Step 3: Build the Graphbit Workflow¶
- Run the gitlab projects Search and process the results:
search_results = gitlab_projects_search("python")
snippets_text = process_search_results(search_results, max_snippets=10)
- Create a Graphbit agent node for summarization:
from graphbit import Node, Workflow
agent = Node.agent(
name="Summarizer",
prompt=f"Summarize projects tags: {snippets_text}"
)
workflow = Workflow("Gitlab Projects Tags Summarizer Workflow")
workflow.add_node(agent)
Step 4: Orchestrate and Execute with Graphbit¶
- Initialize Graphbit and configure your LLM:
from graphbit import LlmConfig, Executor
from dotenv import load_dotenv
import os
load_dotenv()
llm_config = LlmConfig.openai(os.getenv("OPENAI_API_KEY"))
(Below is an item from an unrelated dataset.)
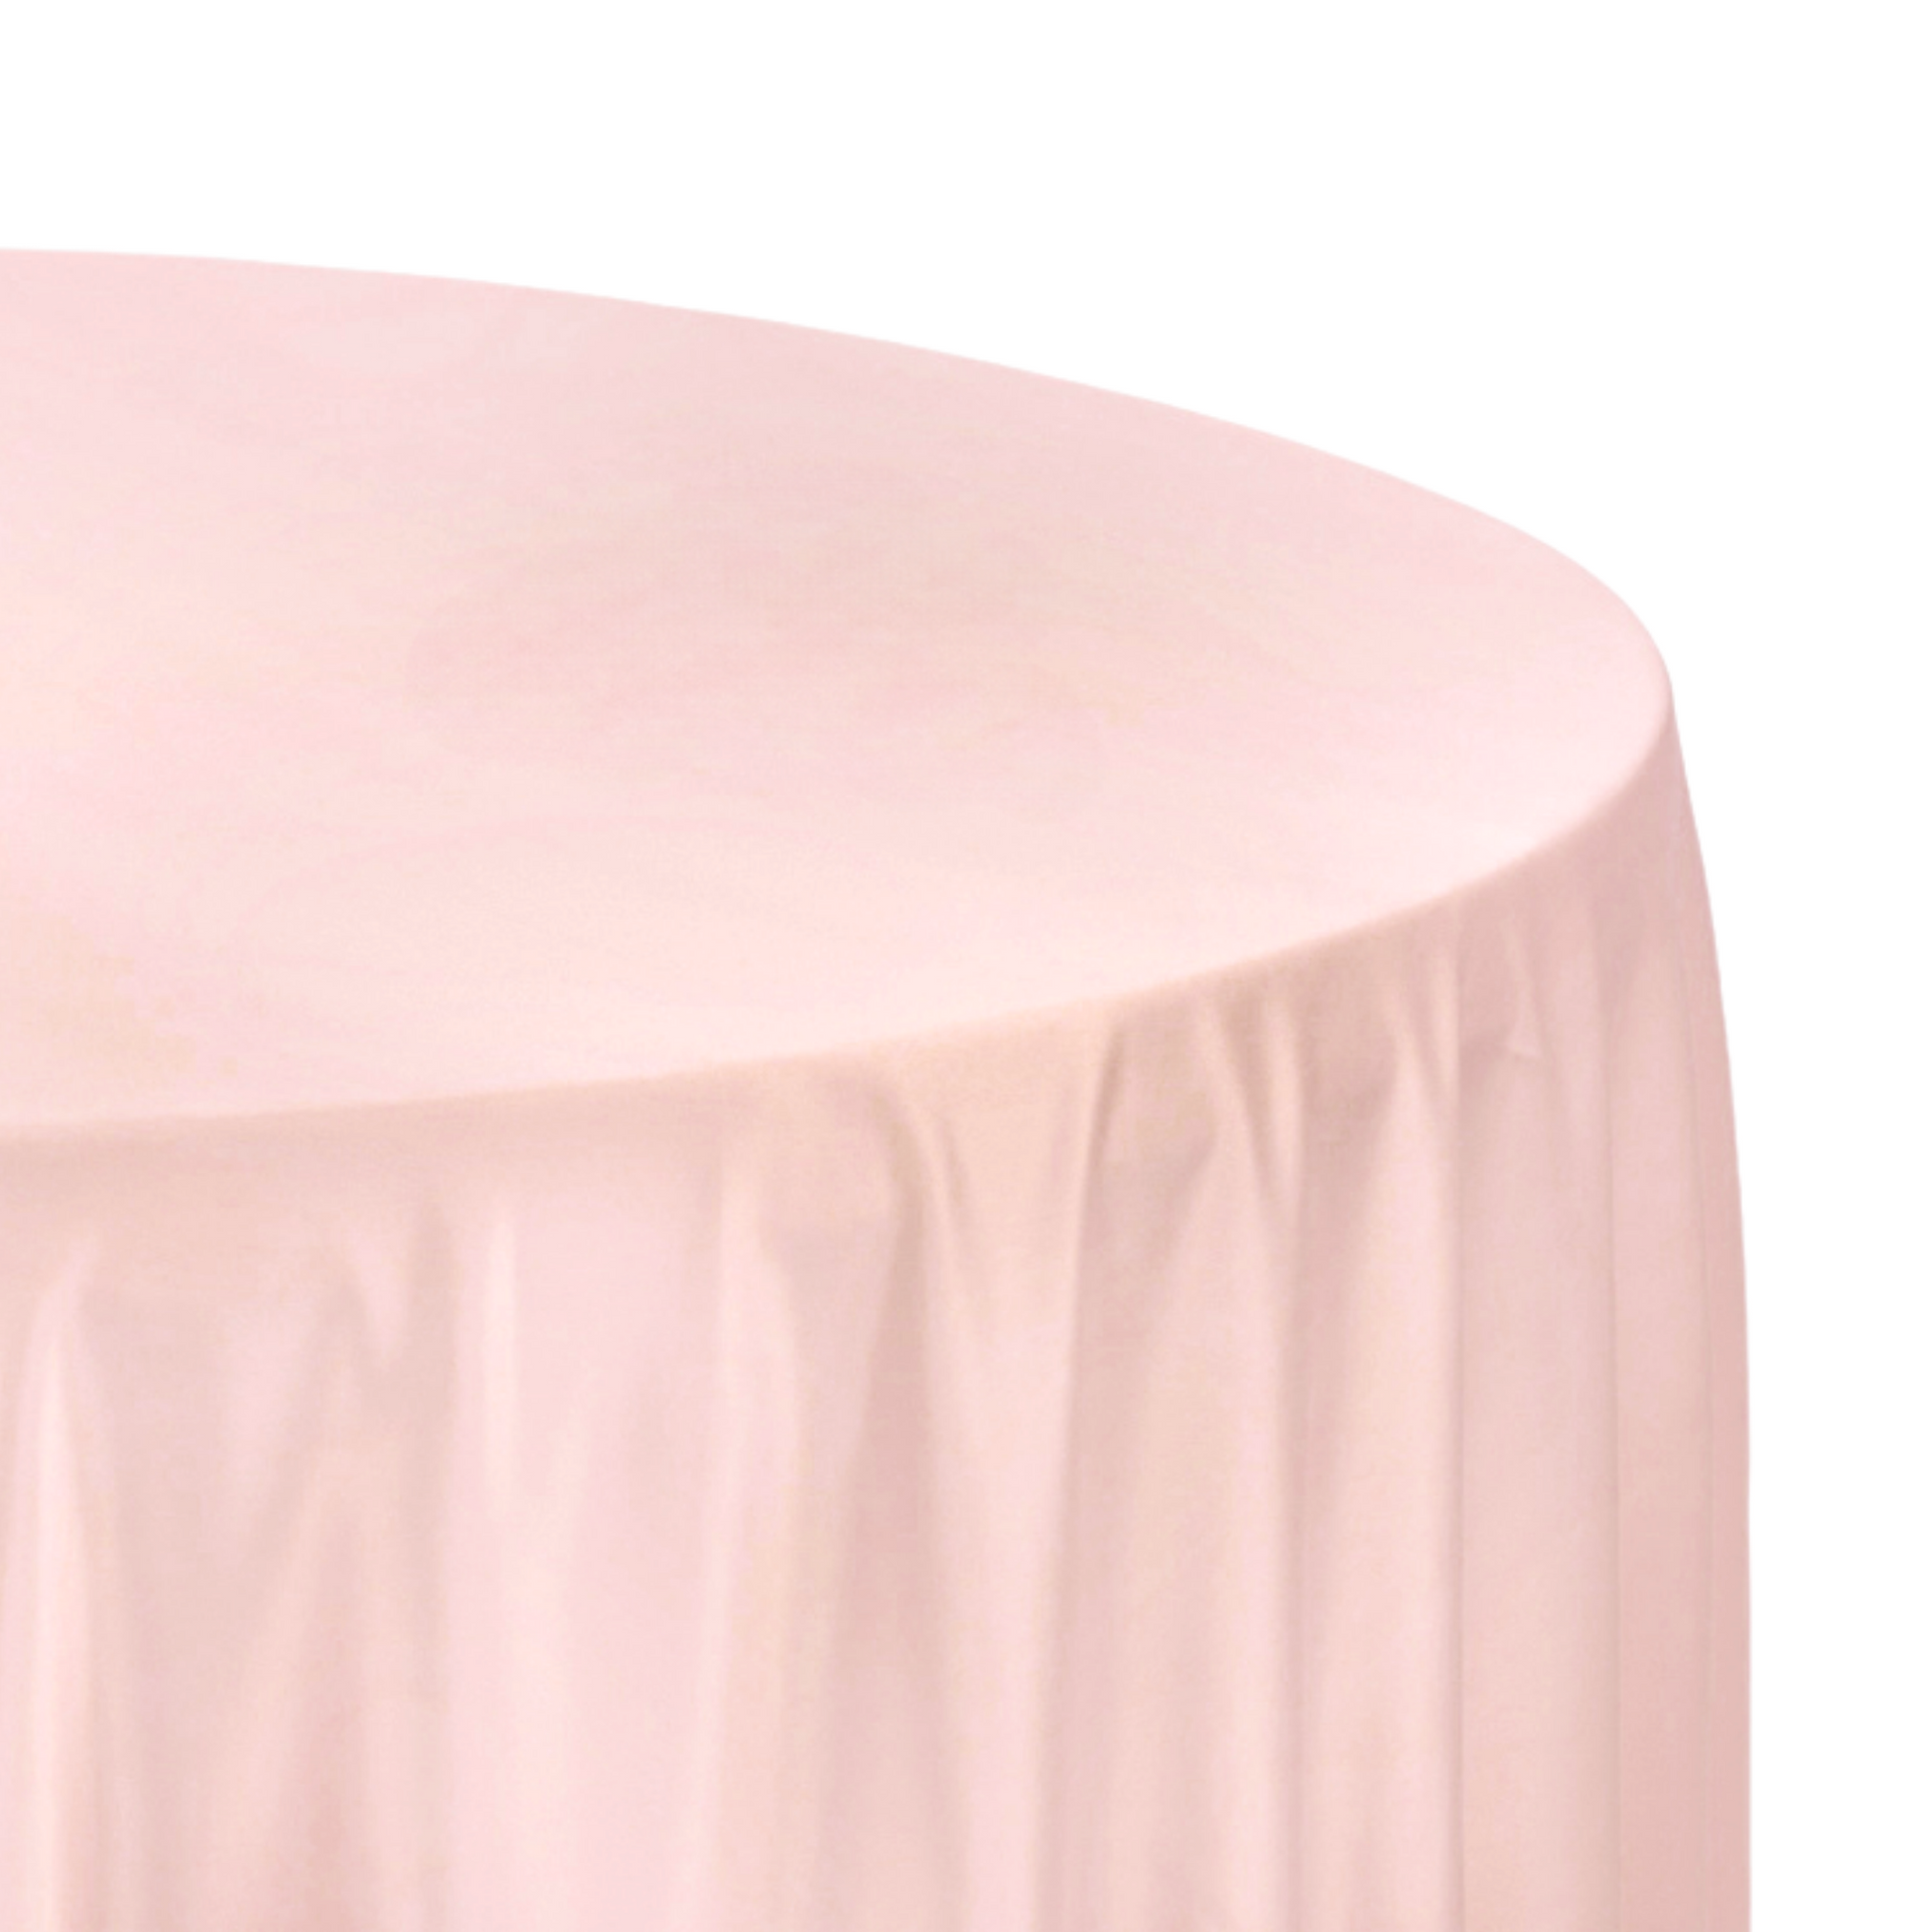 Lamour Satin 120" Round Tablecloth - Blush/Rose Gold
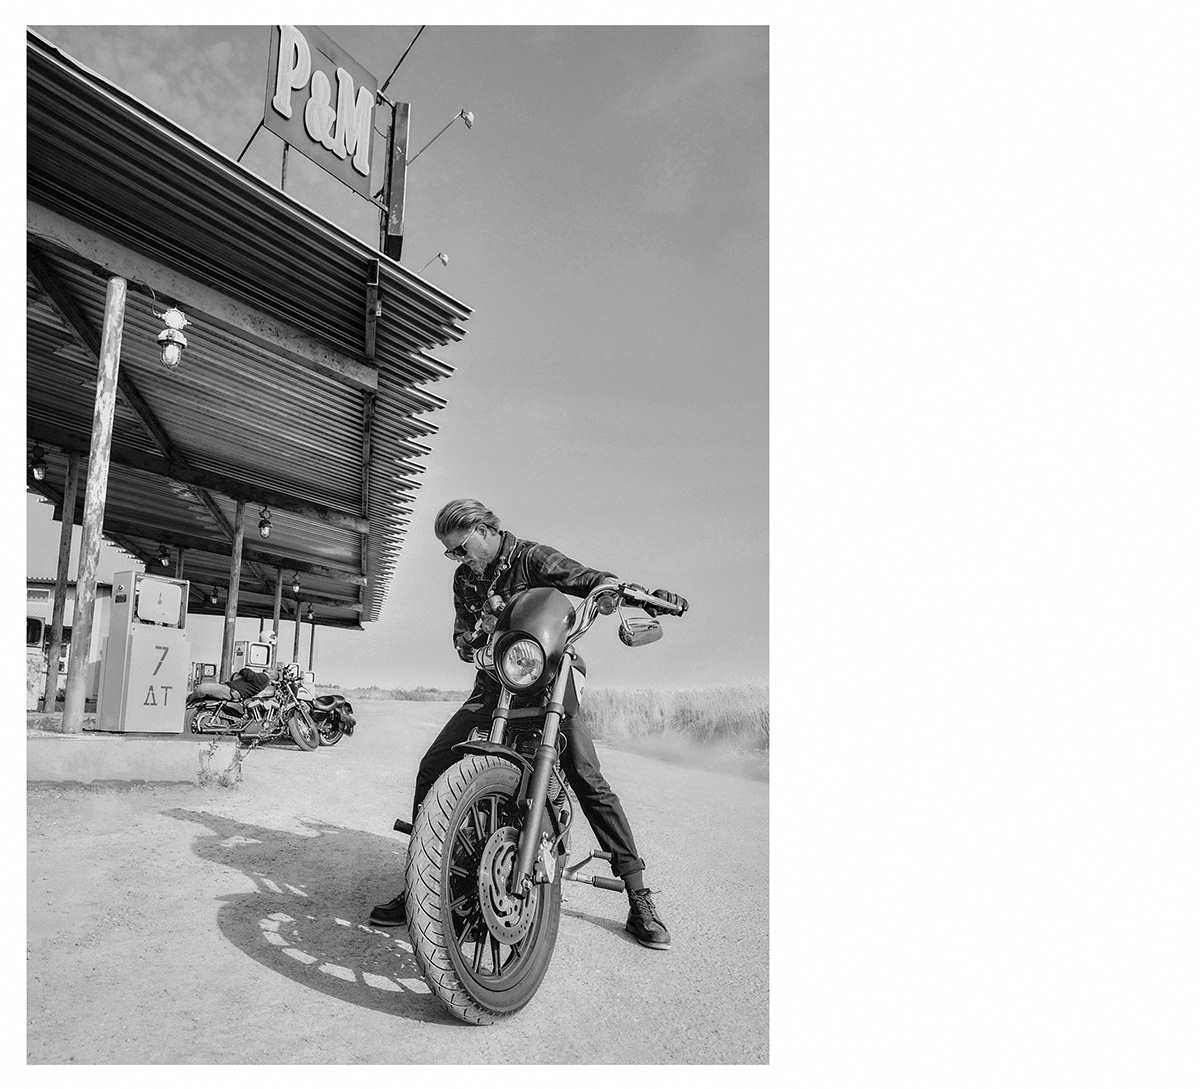 Bicycle Bike Harley Davidson lifestyle motorcycles Photography  photoshoot ride triumph

executor = Executor(llm_config)
- Run the workflow and retrieve the summary:
result = executor.execute(workflow)
if result.is_success():
print("Summary:", result.get_node_output("Summarizer"))
else:
print("Workflow failed:", result.state())
Full Example¶
import requests
from graphbit import Node, Workflow, LlmConfig, Executor
import os
from dotenv import load_dotenv
from graphbit import Node, Workflow
# Load environment variables from .env file
load_dotenv()
GITLAB_TOKEN = os.getenv("GITLAB_TOKEN")
OPENAI_API_KEY = os.getenv("OPENAI_API_KEY")
def gitlab_projects_search(query, sort="stars", order="desc", per_page=50):
"""
Search GitLab projects (repositories)
Args:
query: Search query (e.g., "machine learning")
sort: Sort by 'stars', 'name', 'created_at', 'updated_at', 'last_activity_at'
order: 'asc' or 'desc'
per_page: Number of results per page (max 100)
Returns:
dict: JSON response with search results
"""
url = "https://gitlab.com/api/v4/projects"
if GITLAB_TOKEN:
headers = {
"PRIVATE-TOKEN": GITLAB_TOKEN,
}
else:
headers = {}
sort_mapping = {
"stars": "star_count",
"updated": "updated_at",
"created": "created_at",
"name": "name",
"last_activity": "last_activity_at"
}
order_by = sort_mapping.get(sort, "star_count")
params = {
"search": query,
"order_by": order_by,
"sort": order,
"per_page": per_page
}
response = requests.get(url, headers=headers, params=params)
response.raise_for_status()
return response.json()
def process_search_results(results, max_snippets=10):
"""
Extracts up to max_snippets search results (default: 3) as formatted strings.
"""
items = results.get("items", [])[:max_snippets]
snippets = [
','.join(project['tag_list'])
for item in items
]
return "\n\n".join(snippets)
search_results = gitlab_projects_search("python")
snippets_text = process_search_results(search_results, max_snippets=10)
agent = Node.agent(
name="Summarizer",
prompt=f"Summarize projects tags: {snippets_text}"
)
workflow = Workflow("Gitlab Projects Tags Summarizer Workflow")
workflow.add_node(agent)
result = executor.execute(workflow)
if result.is_success():
print("Summary:", result.get_node_output("Summarizer"))
else:
print("Workflow failed:", result.state())
This connector pattern enables you to seamlessly blend external web data into your AI workflows, orchestrated by Graphbit.